***** RECORDS SHOWN *****

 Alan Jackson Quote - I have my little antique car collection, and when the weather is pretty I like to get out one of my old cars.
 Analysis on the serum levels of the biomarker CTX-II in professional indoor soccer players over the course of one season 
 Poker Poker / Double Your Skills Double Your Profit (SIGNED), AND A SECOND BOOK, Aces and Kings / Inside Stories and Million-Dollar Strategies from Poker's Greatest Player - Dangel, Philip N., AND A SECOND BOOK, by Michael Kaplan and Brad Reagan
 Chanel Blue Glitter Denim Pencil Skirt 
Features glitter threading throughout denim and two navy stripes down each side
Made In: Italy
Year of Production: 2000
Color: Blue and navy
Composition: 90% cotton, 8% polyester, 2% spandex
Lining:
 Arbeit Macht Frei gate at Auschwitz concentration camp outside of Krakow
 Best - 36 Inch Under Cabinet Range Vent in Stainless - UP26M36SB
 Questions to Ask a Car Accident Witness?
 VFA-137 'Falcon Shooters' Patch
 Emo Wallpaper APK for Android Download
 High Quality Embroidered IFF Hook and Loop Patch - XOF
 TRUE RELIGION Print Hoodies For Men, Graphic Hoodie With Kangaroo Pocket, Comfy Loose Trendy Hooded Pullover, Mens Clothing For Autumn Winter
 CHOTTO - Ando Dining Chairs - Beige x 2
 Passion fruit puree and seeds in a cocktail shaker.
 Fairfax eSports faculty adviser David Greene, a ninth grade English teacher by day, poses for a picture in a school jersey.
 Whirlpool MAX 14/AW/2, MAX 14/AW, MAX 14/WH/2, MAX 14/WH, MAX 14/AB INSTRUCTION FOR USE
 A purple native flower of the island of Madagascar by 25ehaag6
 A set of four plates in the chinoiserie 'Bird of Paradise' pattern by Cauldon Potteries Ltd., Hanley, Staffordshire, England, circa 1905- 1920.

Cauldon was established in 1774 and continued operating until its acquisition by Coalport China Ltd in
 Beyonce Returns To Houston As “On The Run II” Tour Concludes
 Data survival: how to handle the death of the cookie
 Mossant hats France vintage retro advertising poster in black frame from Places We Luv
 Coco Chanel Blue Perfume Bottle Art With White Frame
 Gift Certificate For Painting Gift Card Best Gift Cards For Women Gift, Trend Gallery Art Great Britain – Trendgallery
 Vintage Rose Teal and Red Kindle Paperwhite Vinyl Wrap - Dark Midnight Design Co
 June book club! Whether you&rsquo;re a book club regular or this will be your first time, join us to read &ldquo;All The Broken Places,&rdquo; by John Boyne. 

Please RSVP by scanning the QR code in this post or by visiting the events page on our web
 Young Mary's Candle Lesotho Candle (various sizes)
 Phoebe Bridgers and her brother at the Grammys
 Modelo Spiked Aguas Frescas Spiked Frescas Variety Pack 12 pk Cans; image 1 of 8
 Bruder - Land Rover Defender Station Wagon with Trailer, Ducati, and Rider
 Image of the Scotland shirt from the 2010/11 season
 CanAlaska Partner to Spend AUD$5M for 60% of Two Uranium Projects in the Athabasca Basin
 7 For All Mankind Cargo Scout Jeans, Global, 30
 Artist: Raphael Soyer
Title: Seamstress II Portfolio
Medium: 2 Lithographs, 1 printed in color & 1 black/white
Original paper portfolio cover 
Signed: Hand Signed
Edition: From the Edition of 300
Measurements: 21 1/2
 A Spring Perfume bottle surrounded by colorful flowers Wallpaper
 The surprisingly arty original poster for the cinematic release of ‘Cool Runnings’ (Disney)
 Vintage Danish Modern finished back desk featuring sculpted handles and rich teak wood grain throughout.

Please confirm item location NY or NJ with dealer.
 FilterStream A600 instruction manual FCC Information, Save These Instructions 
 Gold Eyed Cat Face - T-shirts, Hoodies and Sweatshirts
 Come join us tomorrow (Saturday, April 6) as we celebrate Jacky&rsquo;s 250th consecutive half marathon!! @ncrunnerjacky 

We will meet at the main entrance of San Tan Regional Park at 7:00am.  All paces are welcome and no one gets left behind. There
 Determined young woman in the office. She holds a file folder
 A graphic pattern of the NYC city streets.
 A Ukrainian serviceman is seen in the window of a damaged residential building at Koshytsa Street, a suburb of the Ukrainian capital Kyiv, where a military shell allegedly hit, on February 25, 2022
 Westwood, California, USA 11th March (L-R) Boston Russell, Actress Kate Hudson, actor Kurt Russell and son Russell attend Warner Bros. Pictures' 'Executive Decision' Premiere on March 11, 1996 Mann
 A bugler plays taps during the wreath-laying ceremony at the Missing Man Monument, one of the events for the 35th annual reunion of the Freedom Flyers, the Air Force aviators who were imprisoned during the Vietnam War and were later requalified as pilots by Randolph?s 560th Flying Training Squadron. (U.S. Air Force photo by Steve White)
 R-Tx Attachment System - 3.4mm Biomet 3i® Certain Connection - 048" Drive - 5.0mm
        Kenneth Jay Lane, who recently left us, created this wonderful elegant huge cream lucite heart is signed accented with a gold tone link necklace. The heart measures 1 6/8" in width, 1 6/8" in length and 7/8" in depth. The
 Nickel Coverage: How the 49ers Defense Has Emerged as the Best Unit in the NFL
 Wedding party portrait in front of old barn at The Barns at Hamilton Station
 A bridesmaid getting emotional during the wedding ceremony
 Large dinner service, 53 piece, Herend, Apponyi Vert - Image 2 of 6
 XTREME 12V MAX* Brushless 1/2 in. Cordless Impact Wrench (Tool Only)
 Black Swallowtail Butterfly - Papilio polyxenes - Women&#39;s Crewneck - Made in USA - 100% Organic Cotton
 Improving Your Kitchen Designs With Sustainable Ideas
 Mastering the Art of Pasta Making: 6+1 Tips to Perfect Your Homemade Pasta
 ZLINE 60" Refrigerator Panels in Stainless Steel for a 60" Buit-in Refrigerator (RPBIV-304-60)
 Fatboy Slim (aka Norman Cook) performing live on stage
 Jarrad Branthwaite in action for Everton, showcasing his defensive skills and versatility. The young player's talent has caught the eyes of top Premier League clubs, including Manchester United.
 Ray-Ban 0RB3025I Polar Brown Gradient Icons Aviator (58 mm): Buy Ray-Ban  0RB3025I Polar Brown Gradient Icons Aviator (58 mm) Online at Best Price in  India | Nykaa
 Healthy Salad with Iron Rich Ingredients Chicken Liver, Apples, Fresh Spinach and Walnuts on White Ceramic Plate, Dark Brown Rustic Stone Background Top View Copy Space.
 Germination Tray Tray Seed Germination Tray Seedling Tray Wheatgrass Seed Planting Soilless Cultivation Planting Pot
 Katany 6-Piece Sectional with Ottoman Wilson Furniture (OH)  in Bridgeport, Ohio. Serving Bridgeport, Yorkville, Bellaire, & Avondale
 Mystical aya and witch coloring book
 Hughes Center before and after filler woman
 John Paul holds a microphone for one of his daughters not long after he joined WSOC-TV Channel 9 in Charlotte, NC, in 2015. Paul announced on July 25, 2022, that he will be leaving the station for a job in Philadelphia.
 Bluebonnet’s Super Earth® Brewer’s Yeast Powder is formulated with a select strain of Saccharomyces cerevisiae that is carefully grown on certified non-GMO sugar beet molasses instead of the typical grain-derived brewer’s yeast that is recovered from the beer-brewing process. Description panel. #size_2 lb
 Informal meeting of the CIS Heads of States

*****

THE TASK:
Repeat the data. Keep every word the same.

YOUR SOLUTION:
 Alan Jackson Quote - I have my little antique car collection, and when the weather is pretty I like to get out one of my old cars.
 Analysis on the serum levels of the biomarker CTX-II in professional indoor soccer players over the course of one season 
 Poker Poker / Double Your Skills Double Your Profit (SIGNED), AND A SECOND BOOK, Aces and Kings / Inside Stories and Million-Dollar Strategies from Poker's Greatest Player - Dangel, Philip N., AND A SECOND BOOK, by Michael Kaplan and Brad Reagan
 Chanel Blue Glitter Denim Pencil Skirt 
Features glitter threading throughout denim and two navy stripes down each side
Made In: Italy
Year of Production: 2000
Color: Blue and navy
Composition: 90% cotton, 8% polyester, 2% spandex
Lining:
 Arbeit Macht Frei gate at Auschwitz concentration camp outside of Krakow
 Best - 36 Inch Under Cabinet Range Vent in Stainless - UP26M36SB
 Questions to Ask a Car Accident Witness?
 VFA-137 'Falcon Shooters' Patch
 Emo Wallpaper APK for Android Download
 High Quality Embroidered IFF Hook and Loop Patch - XOF
 TRUE RELIGION Print Hoodies For Men, Graphic Hoodie With Kangaroo Pocket, Comfy Loose Trendy Hooded Pullover, Mens Clothing For Autumn Winter
 CHOTTO - Ando Dining Chairs - Beige x 2
 Passion fruit puree and seeds in a cocktail shaker.
 Fairfax eSports faculty adviser David Greene, a ninth grade English teacher by day, poses for a picture in a school jersey.
 Whirlpool MAX 14/AW/2, MAX 14/AW, MAX 14/WH/2, MAX 14/WH, MAX 14/AB INSTRUCTION FOR USE
 A purple native flower of the island of Madagascar by 25ehaag6
 A set of four plates in the chinoiserie 'Bird of Paradise' pattern by Cauldon Potteries Ltd., Hanley, Staffordshire, England, circa 1905- 1920.

Cauldon was established in 1774 and continued operating until its acquisition by Coalport China Ltd in
 Beyonce Returns To Houston As “On The Run II” Tour Concludes
 Data survival: how to handle the death of the cookie
 Mossant hats France vintage retro advertising poster in black frame from Places We Luv
 Coco Chanel Blue Perfume Bottle Art With White Frame
 Gift Certificate For Painting Gift Card Best Gift Cards For Women Gift, Trend Gallery Art Great Britain – Trendgallery
 Vintage Rose Teal and Red Kindle Paperwhite Vinyl Wrap - Dark Midnight Design Co
 June book club! Whether you&rsquo;re a book club regular or this will be your first time, join us to read &ldquo;All The Broken Places,&rdquo; by John Boyne. 

Please RSVP by scanning the QR code in this post or by visiting the events page on our web
 Young Mary's Candle Lesotho Candle (various sizes)
 Phoebe Bridgers and her brother at the Grammys
 Modelo Spiked Aguas Frescas Spiked Frescas Variety Pack 12 pk Cans; image 1 of 8
 Bruder - Land Rover Defender Station Wagon with Trailer, Ducati, and Rider
 Image of the Scotland shirt from the 2010/11 season
 CanAlaska Partner to Spend AUD$5M for 60% of Two Uranium Projects in the Athabasca Basin
 7 For All Mankind Cargo Scout Jeans, Global, 30
 Artist: Raphael Soyer
Title: Seamstress II Portfolio
Medium: 2 Lithographs, 1 printed in color & 1 black/white
Original paper portfolio cover 
Signed: Hand Signed
Edition: From the Edition of 300
Measurements: 21 1/2
 A Spring Perfume bottle surrounded by colorful flowers Wallpaper
 The surprisingly arty original poster for the cinematic release of ‘Cool Runnings’ (Disney)
 Vintage Danish Modern finished back desk featuring sculpted handles and rich teak wood grain throughout.

Please confirm item location NY or NJ with dealer.
 FilterStream A600 instruction manual FCC Information, Save These Instructions 
 Gold Eyed Cat Face - T-shirts, Hoodies and Sweatshirts
 Come join us tomorrow (Saturday, April 6) as we celebrate Jacky&rsquo;s 250th consecutive half marathon!! @ncrunnerjacky 

We will meet at the main entrance of San Tan Regional Park at 7:00am.  All paces are welcome and no one gets left behind. There
 Determined young woman in the office. She holds a file folder
 A graphic pattern of the NYC city streets.
 A Ukrainian serviceman is seen in the window of a damaged residential building at Koshytsa Street, a suburb of the Ukrainian capital Kyiv, where a military shell allegedly hit, on February 25, 2022
 Westwood, California, USA 11th March (L-R) Boston Russell, Actress Kate Hudson, actor Kurt Russell and son Russell attend Warner Bros. Pictures' 'Executive Decision' Premiere on March 11, 1996 Mann
 A bugler plays taps during the wreath-laying ceremony at the Missing Man Monument, one of the events for the 35th annual reunion of the Freedom Flyers, the Air Force aviators who were imprisoned during the Vietnam War and were later requalified as pilots by Randolph?s 560th Flying Training Squadron. (U.S. Air Force photo by Steve White)
 R-Tx Attachment System - 3.4mm Biomet 3i® Certain Connection - 048" Drive - 5.0mm
        Kenneth Jay Lane, who recently left us, created this wonderful elegant huge cream lucite heart is signed accented with a gold tone link necklace. The heart measures 1 6/8" in width, 1 6/8" in length and 7/8" in depth. The
 Nickel Coverage: How the 49ers Defense Has Emerged as the Best Unit in the NFL
 Wedding party portrait in front of old barn at The Barns at Hamilton Station
 A bridesmaid getting emotional during the wedding ceremony
 Large dinner service, 53 piece, Herend, Apponyi Vert - Image 2 of 6
 XTREME 12V MAX* Brushless 1/2 in. Cordless Impact Wrench (Tool Only)
 Black Swallowtail Butterfly - Papilio polyxenes - Women&#39;s Crewneck - Made in USA - 100% Organic Cotton
 Improving Your Kitchen Designs With Sustainable Ideas
 Mastering the Art of Pasta Making: 6+1 Tips to Perfect Your Homemade Pasta
 ZLINE 60" Refrigerator Panels in Stainless Steel for a 60" Buit-in Refrigerator (RPBIV-304-60)
 Fatboy Slim (aka Norman Cook) performing live on stage
 Jarrad Branthwaite in action for Everton, showcasing his defensive skills and versatility. The young player's talent has caught the eyes of top Premier League clubs, including Manchester United.
 Ray-Ban 0RB3025I Polar Brown Gradient Icons Aviator (58 mm): Buy Ray-Ban  0RB3025I Polar Brown Gradient Icons Aviator (58 mm) Online at Best Price in  India | Nykaa
 Healthy Salad with Iron Rich Ingredients Chicken Liver, Apples, Fresh Spinach and Walnuts on White Ceramic Plate, Dark Brown Rustic Stone Background Top View Copy Space.
 Germination Tray Tray Seed Germination Tray Seedling Tray Wheatgrass Seed Planting Soilless Cultivation Planting Pot
 Katany 6-Piece Sectional with Ottoman Wilson Furniture (OH)  in Bridgeport, Ohio. Serving Bridgeport, Yorkville, Bellaire, & Avondale
 Mystical aya and witch coloring book
 Hughes Center before and after filler woman
 John Paul holds a microphone for one of his daughters not long after he joined WSOC-TV Channel 9 in Charlotte, NC, in 2015. Paul announced on July 25, 2022, that he will be leaving the station for a job in Philadelphia.
 Bluebonnet’s Super Earth® Brewer’s Yeast Powder is formulated with a select strain of Saccharomyces cerevisiae that is carefully grown on certified non-GMO sugar beet molasses instead of the typical grain-derived brewer’s yeast that is recovered from the beer-brewing process. Description panel. #size_2 lb
 Informal meeting of the CIS Heads of States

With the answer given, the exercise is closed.